The reason for the discrepancy between dag.sachs and dag.iamb is apparent from a graphical exploratory analysis of the data.

plot of chunk sachs-continuous-diagnostic-plots
plot of chunk sachs-continuous-diagnostic-plots

Firstly, the empirical distributions of the molecules' concentrations are markedly different from a normal distribution. As an example, we plotted the distributions of Mek, P38, PIP2 and PIP3 above. All are strongly skewed, because concentrations are positive numbers but a lot of them are small, and therefore cluster around zero. As a result, the variables are not symmetric and clearly violate the distributional assumptions underlying GBNs. Secondly, the dependence relationships in the data are not always linear; this is the case, as shown in Figure , for PKA and PKC. Most conditional independence tests and network scores designed to capture linear relationships have very low power in detecting nonlinear ones. In turn, structure learning algorithms using such statistics are not able to correctly learn the arcs in the DAG.
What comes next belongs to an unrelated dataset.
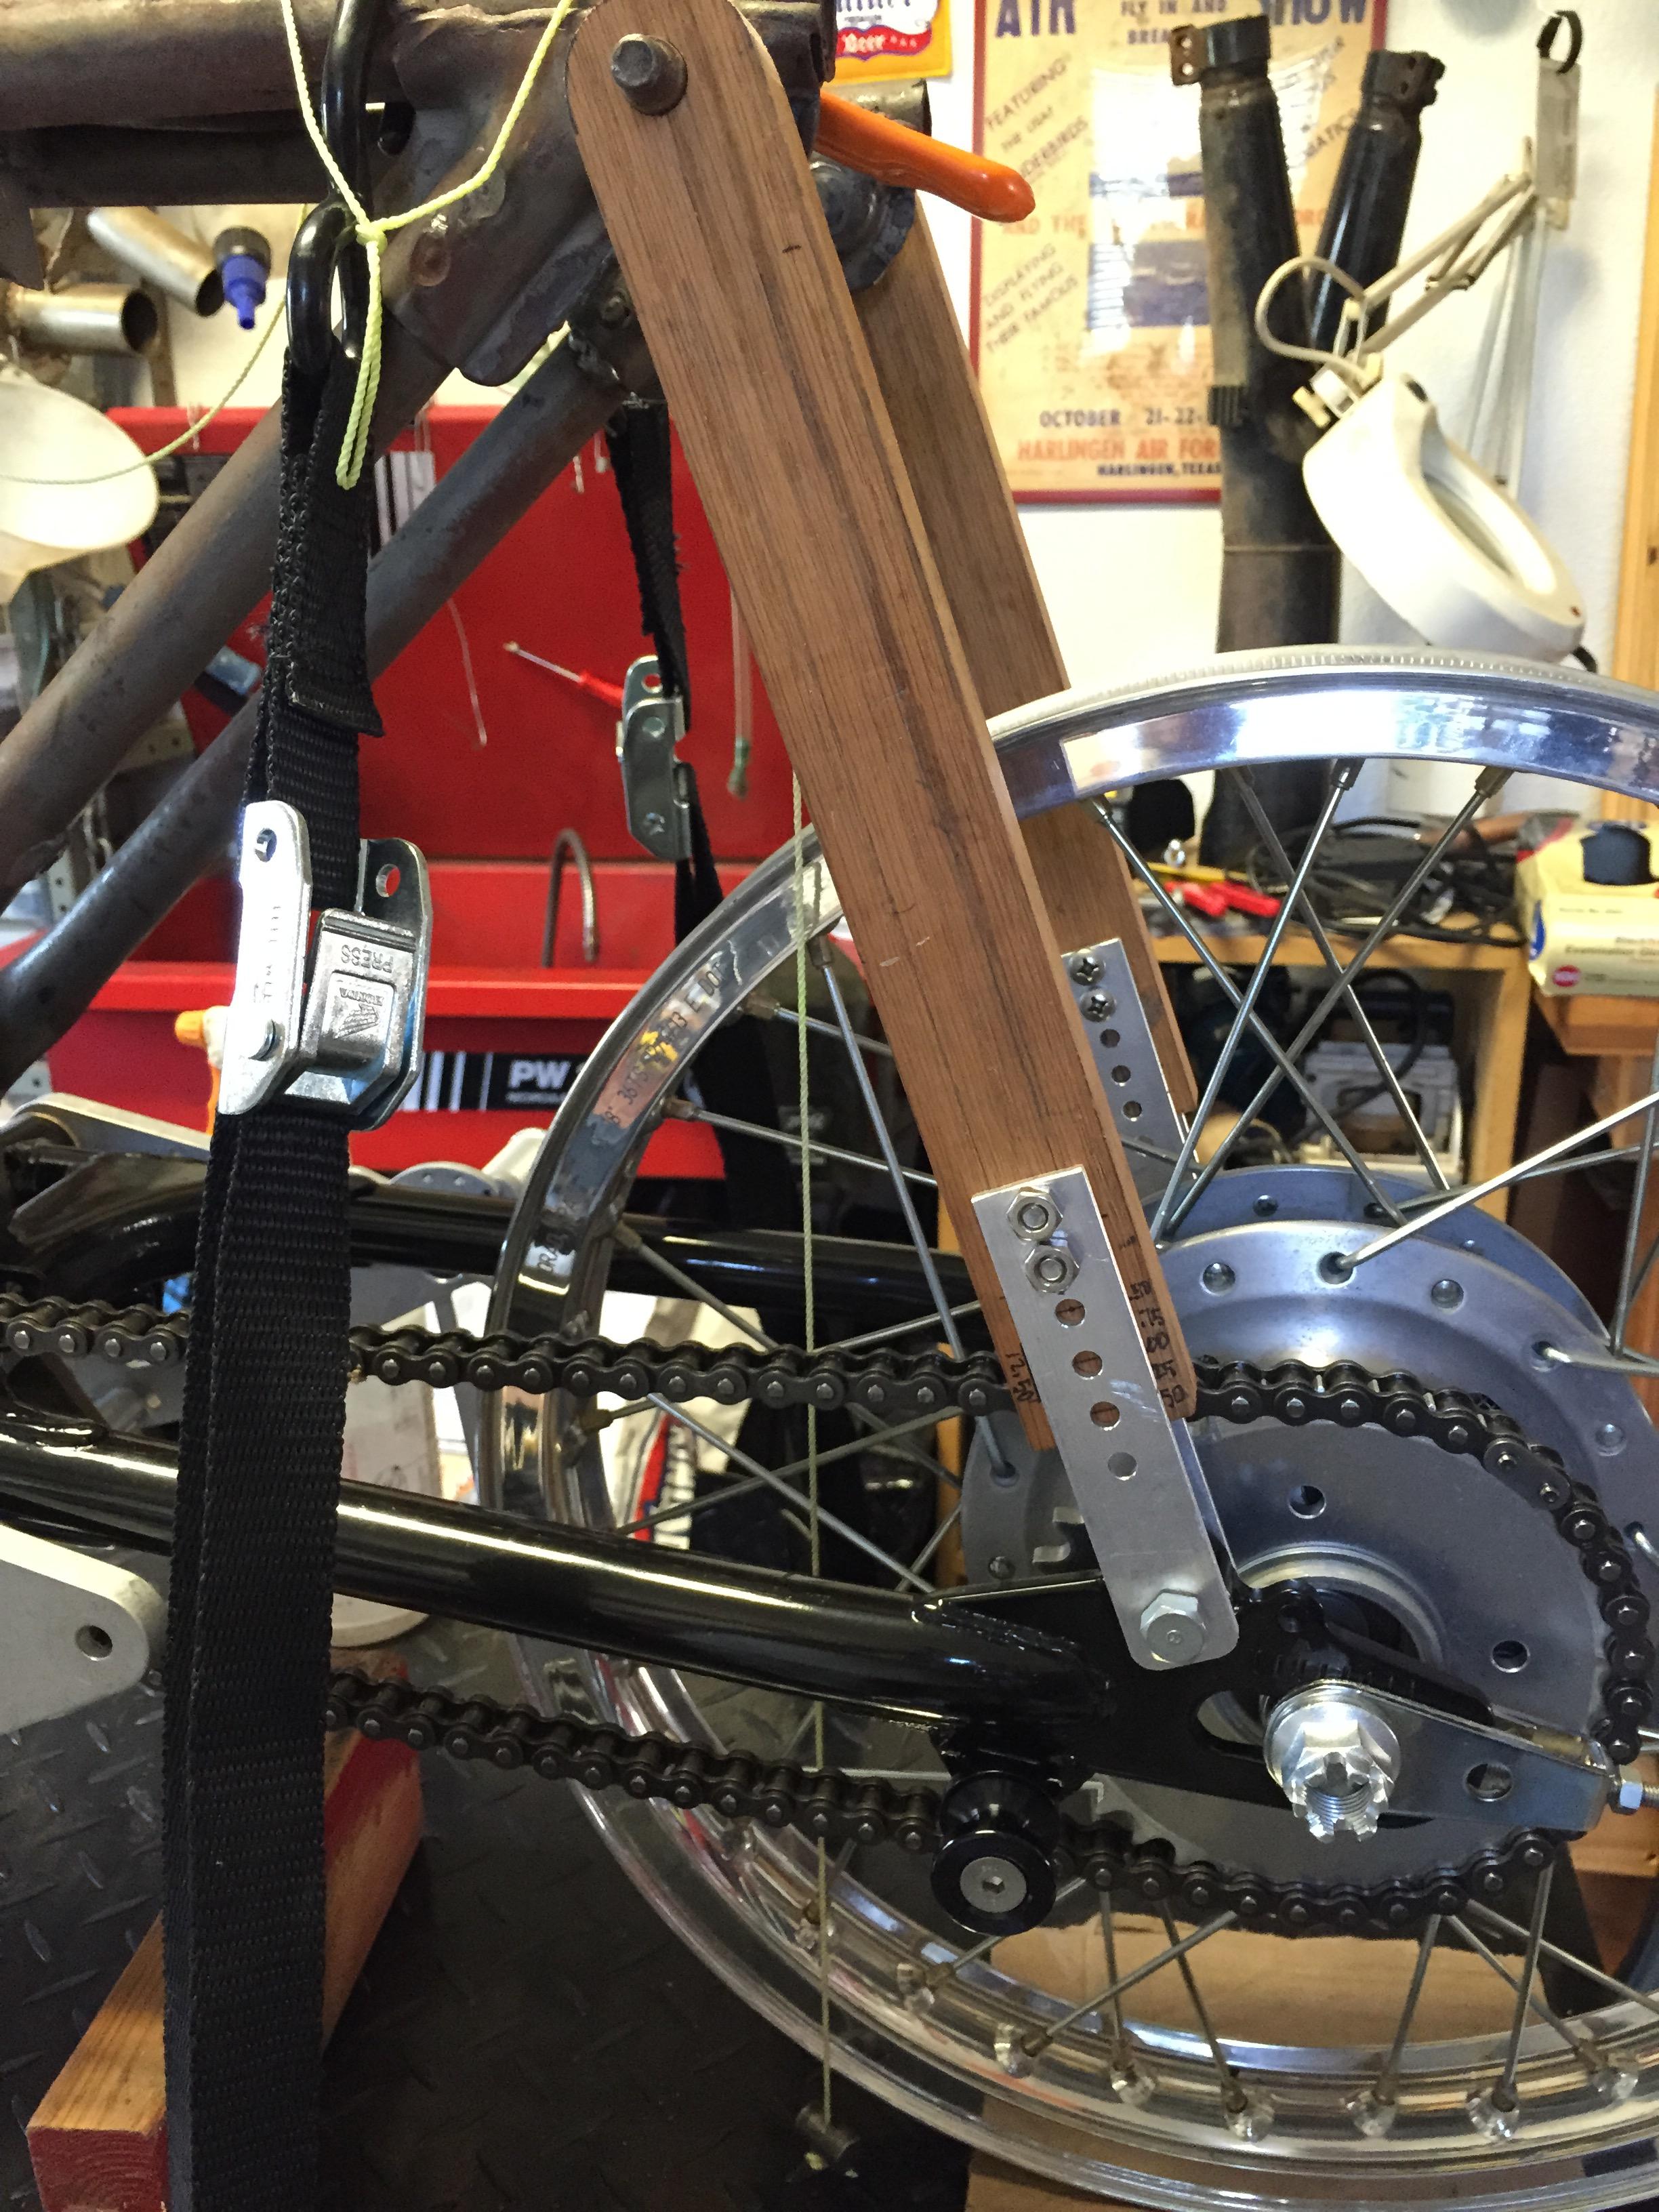 1968 Cl175 Race Bike Build 1970 Honda Ct70 Valve Guide 457

Since we have concluded that GBNs are not appropriate for these data, we must now consider some alternative parametric assumptions. One possibility could be to explore monotone transformations like the logarithm. Another possibility would be to specify an appropriate conditional distribution for each variable, thus obtaining a hybrid network like those we explored in Chapter. However, this approach requires substantial prior knowledge on the signalling pathways, which may or may not be available. In the case of Sachs et al., such information was indeed available from the literature. However, the aim of the analysis was to use BNs as an automated probabilistic method to verify such information, not to build a BN with prior information and use it as an expert system.
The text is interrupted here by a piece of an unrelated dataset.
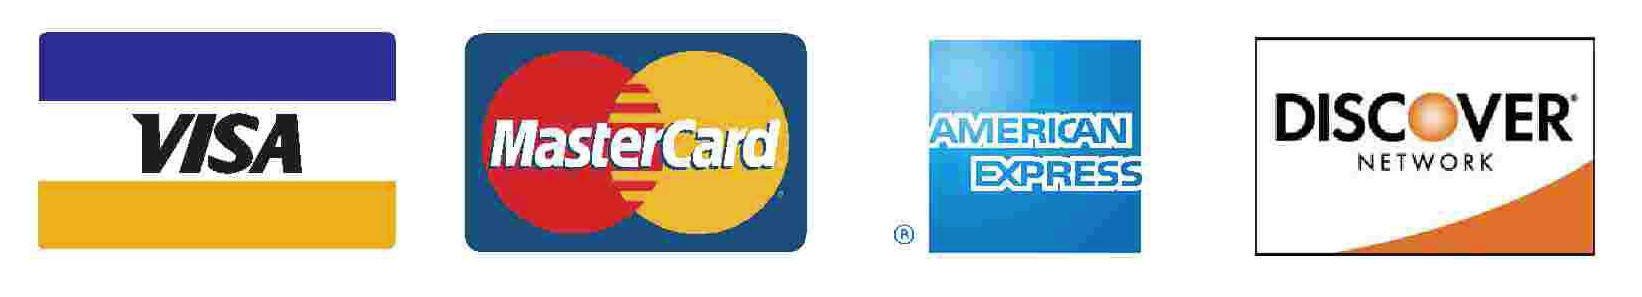 http://www.mrfxr.com/wp-content/uploads/2012/09/credit_card_logo_erny.jpg

Consequently, Sachs et al. decided to discretise the data and to model them with a discrete BN, which can accommodate skewness and nonlinear relationships at the cost of losing the ordering information. Since the variables in the BN represent concentration levels, it is intuitively appealing to discretise them into three levels corresponding to low, average and high concentrations.

To that end, we can use the discretize() function in bnlearn, which implements three common discretisation methods:

  • quantile discretisation: each variable is discretised independently into k intervals delimited by its 0, 1/k, 2/k, ..., (k-1)/k, 1 empirical quantiles;
  • interval discretisation: each variable is discretised independently into k equally-spaced intervals;
  • information-preserving discretisation: variables are jointly discretised while preserving as much of the pairwise mutual information between the variables as possible.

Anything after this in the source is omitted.